The Gemma Problem (And Why It Stays Server-Side)
While setting this up, we tried adding gemma-3-27b-it directly as a Continue model through the same Gemini API. The model resolves correctly — it's a valid endpoint — but hits a hard 15,000 token/minute cap regardless of whether your account is on free or paid tier.
This is a model-level limit Google applies to Gemma specifically. Upgrading billing doesn't change it.
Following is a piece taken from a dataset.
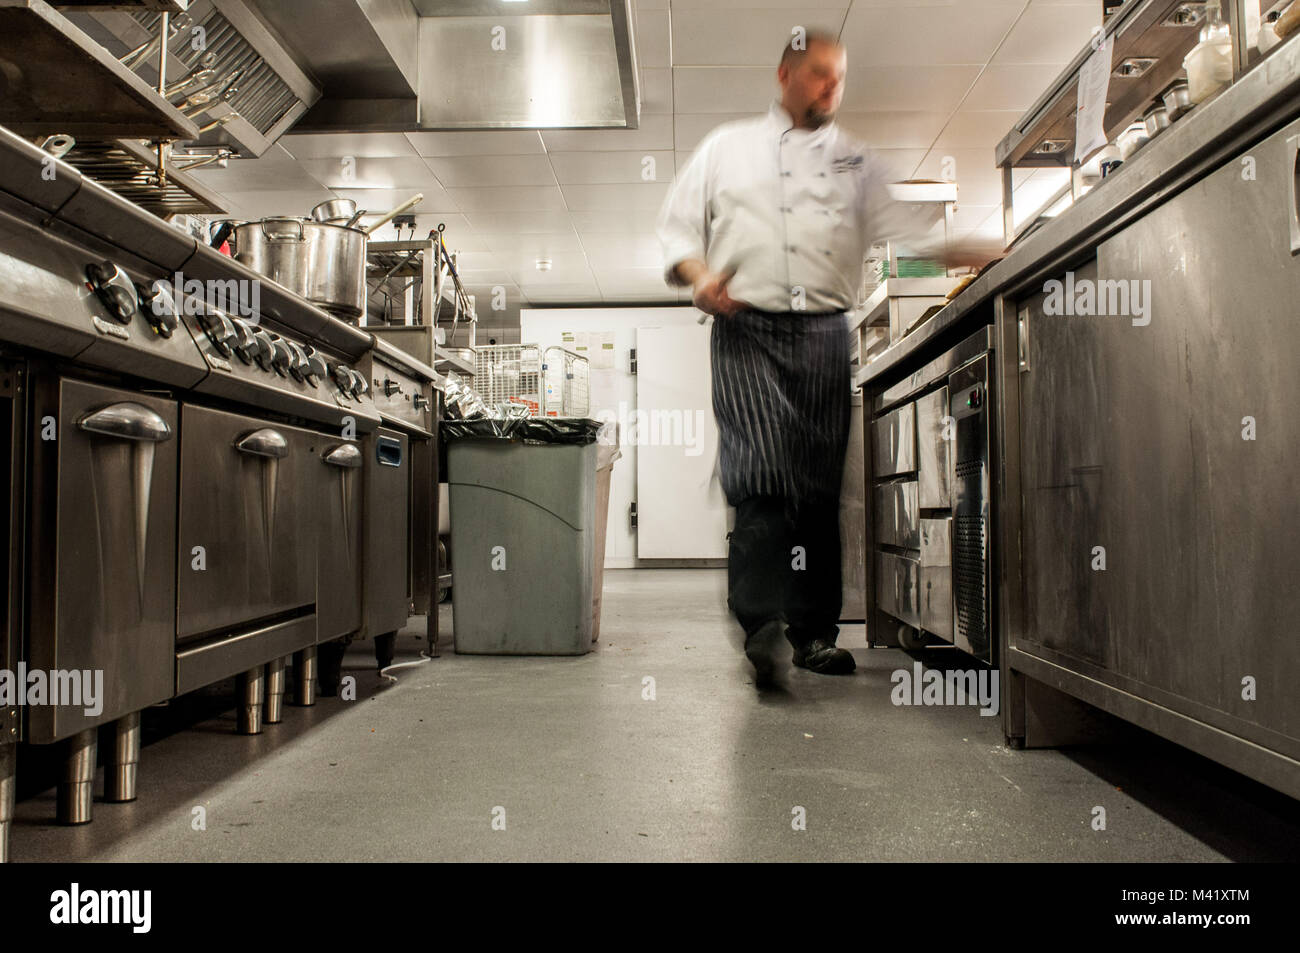 Ein Foto mit Bewegungsunschärfe eines Kochs schnell in einem Restaurant Küche Stockfoto

For now, Gemma is better kept as a server-side tool — called programmatically through your MCP server where you control the call rate — rather than used as an orchestrating client. Flash and Flash Lite don't have this limitation.
One Small Detail: Use a Separate API Key
If your MCP server already calls the Gemini API for server-side tasks, your Continue client will share the same quota. Create a second API key at aistudio.google.com and assign it to your Continue config — different project, separate quota. The keys are free.
# Continue config — dedicated key
models:
- name: Gemini 2.5 Flash
provider: gemini
model: gemini-2.5-flash
apiKey: YOUR_CONTINUE_ONLY_KEY
What Continue Can't Do
Continue with Gemini has full access to your MCP tools. What it doesn't have is everything outside the MCP protocol — SSH access, file editing, bash execution. Those remain Claude Code territory.
In practice the split is clean:
- Tool calls, data queries, writes to external services → Continue + Gemini
- Server config, file edits, deployments → Claude Code
Continue becomes your always-available lightweight client for data work. Claude Code handles infrastructure changes.
The Bottom Line
The Gemini CLI approach works, but it trades simplicity for flexibility most developers don't need. If you're already in VS Code and already have an MCP server running, a twelve-line YAML edit gets you a fully functional second client without touching the terminal.
Your MCP server already abstracts your tools away from any single provider. This just completes that architecture on the client side.